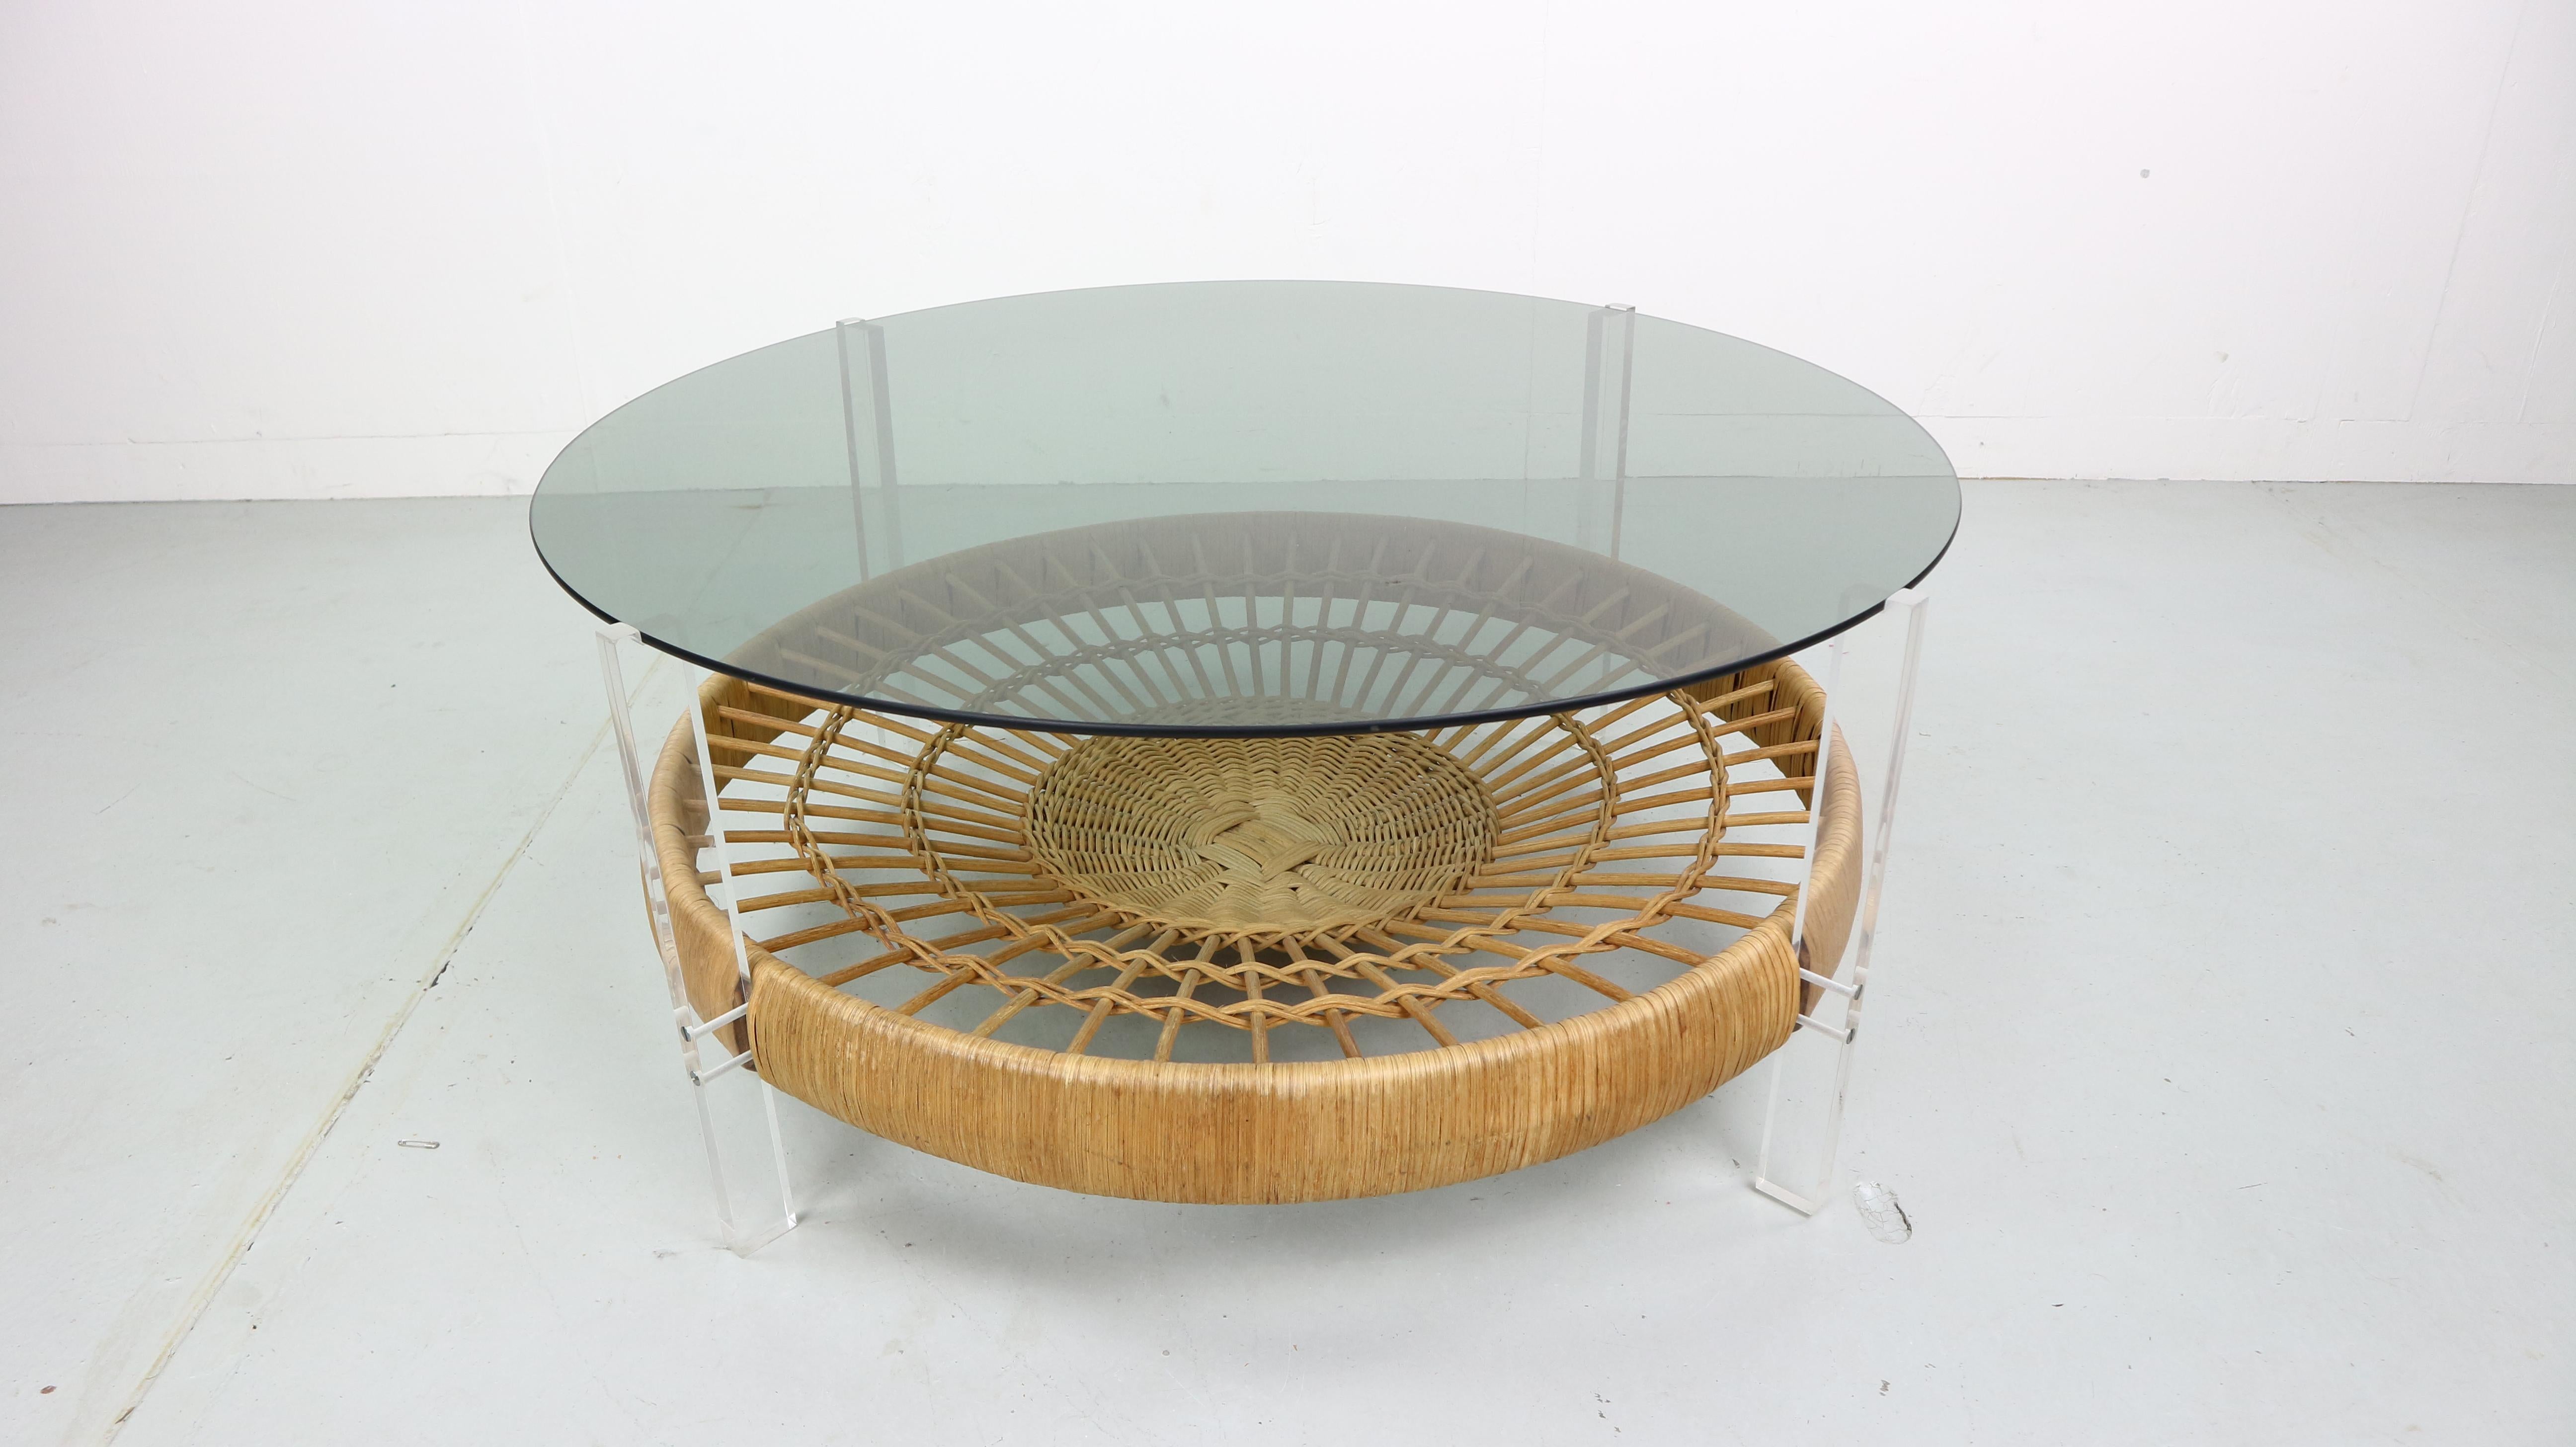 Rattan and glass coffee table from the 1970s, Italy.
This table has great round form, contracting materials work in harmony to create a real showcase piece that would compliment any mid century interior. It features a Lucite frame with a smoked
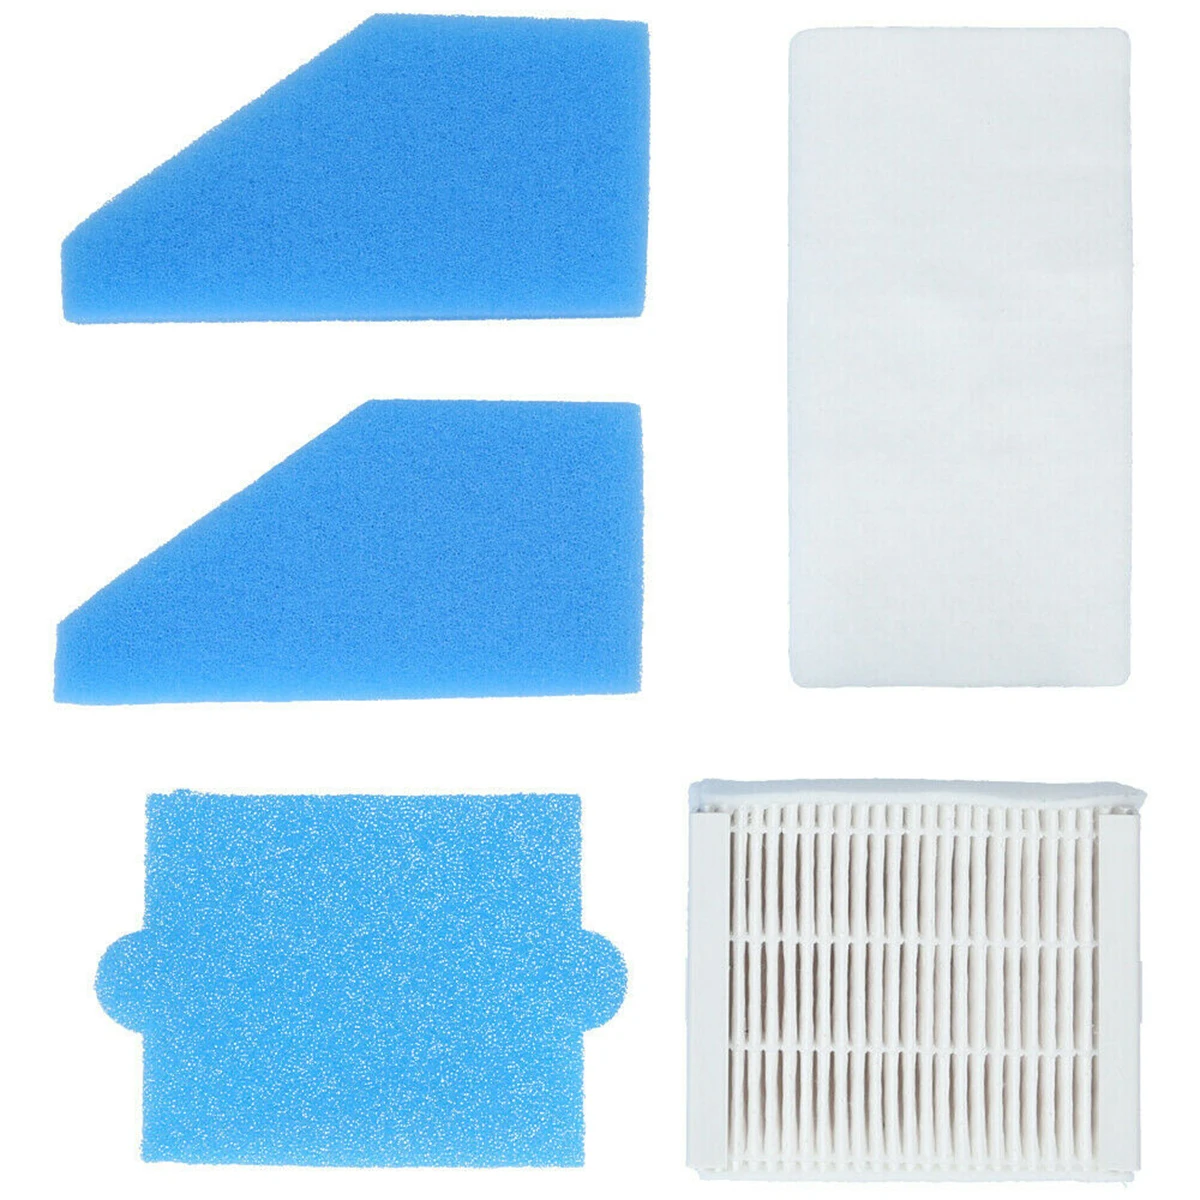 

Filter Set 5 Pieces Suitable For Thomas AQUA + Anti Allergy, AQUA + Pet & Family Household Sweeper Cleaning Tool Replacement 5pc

● ● ● ● ●

[Task instructions]:
The material above is to be transcribed exactly, with its images omitted.

[Response to this task]:
 Rattan and glass coffee table from the 1970s, Italy.
This table has great round form, contracting materials work in harmony to create a real showcase piece that would compliment any mid century interior. It features a Lucite frame with a smoked

Filter Set 5 Pieces Suitable For Thomas AQUA + Anti Allergy, AQUA + Pet & Family Household Sweeper Cleaning Tool Replacement 5pc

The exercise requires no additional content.